= Sara Gore =

TV host

Sara Gore is an American television host who works as a lifestyle host for NBC and its independent production arm, LXTV.

==Early life and education==
Gore grew up in Lake George, New York, and attended Marymount Manhattan College as a Communications Major and Business/Theater Minor, graduating summa cum laude.

==Career==
Early in her career, Gore worked in the culiunary field as a personal chef and as a line cook for chef/restaurateur, Jean-Georges Vongerichten. She has appeared in cooking segments on The Today Show, The Martha Stewart Show and on her own Emmy-nominated show Recipe Revamp. Sara has appeared on the Food Network as a guest judge on Worst Cooks in America: Celebrity Edition and as a regular guest judge on Beat Bobby Flay.

She is the host of NBC's real estate and design show, Open House, showcasing luxury properties and celebrity homes across the New York City area and the nation.

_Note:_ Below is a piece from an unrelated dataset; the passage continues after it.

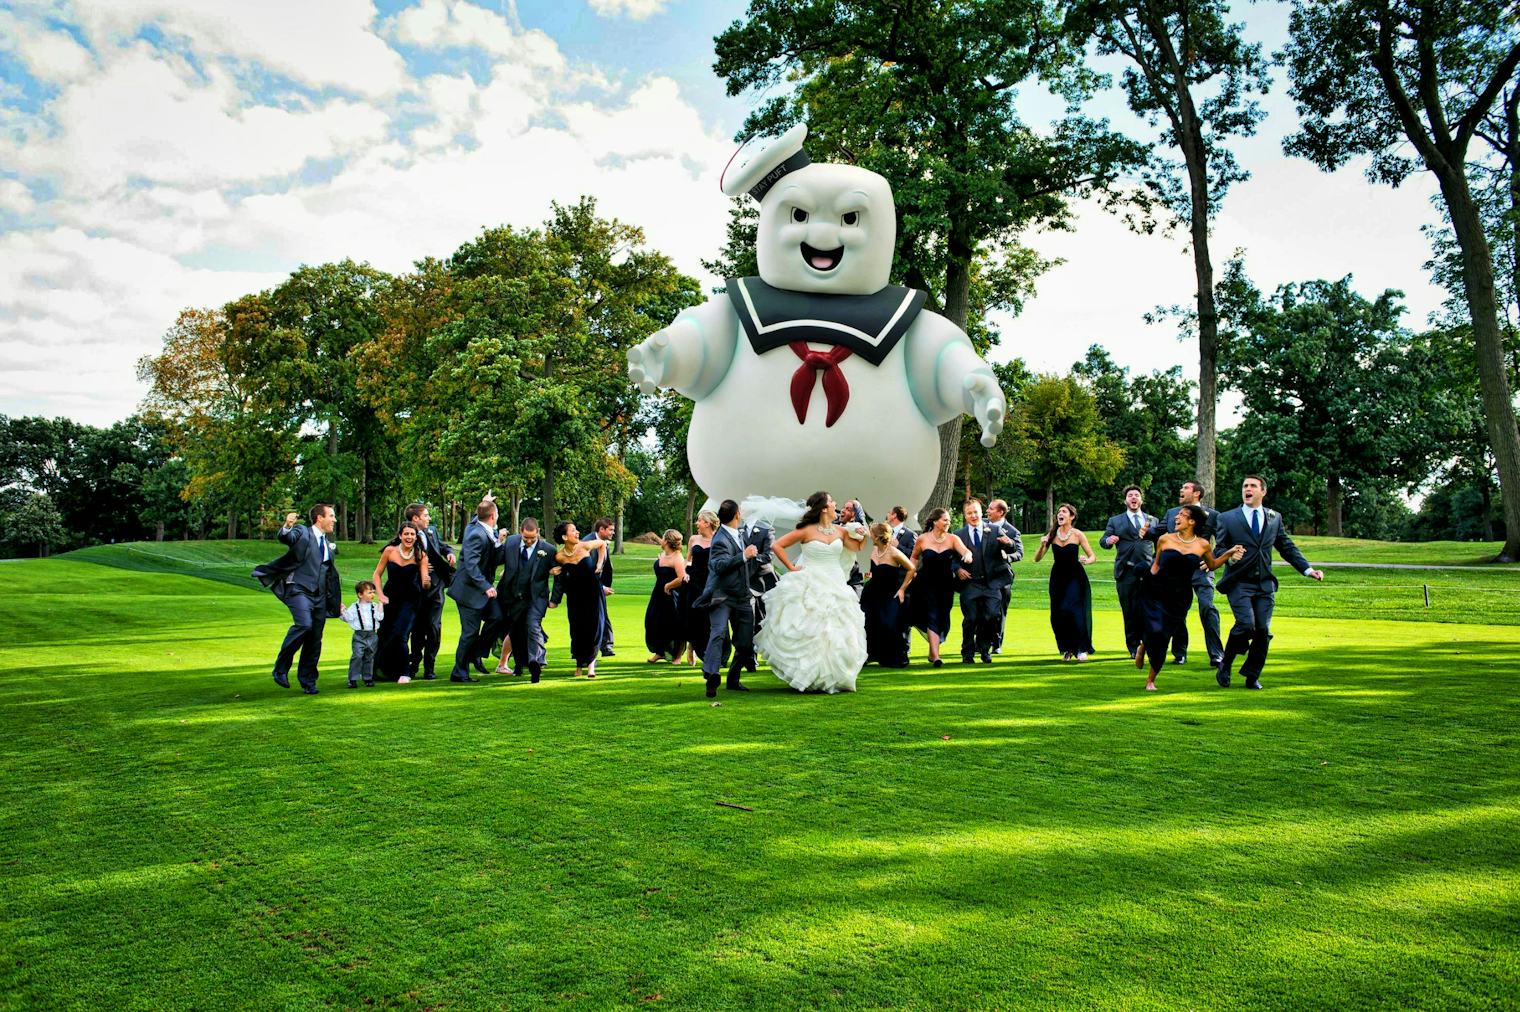 11 Funny Wedding Photo Ideas That Will Add Some Hilarity to Your

Gore also hosts New York Live, NBC4 New York's daily lifestyle series covering fashion, celebrity news and interviews, top food and restaurant choices, as well as entertainment. Gore recently launched New York Live: Prime Time Edition which airs Friday nights on NBC4. She has also hosted NBC's First Look Live on the Red Carpet Specials for the Golden Globes, Primetime Emmy Awards, and other live specials under NBC Universal.

In 2021, she joined Ryan Serhant's New York real estate firm SERHANT., working in the SERHANT. Signature division.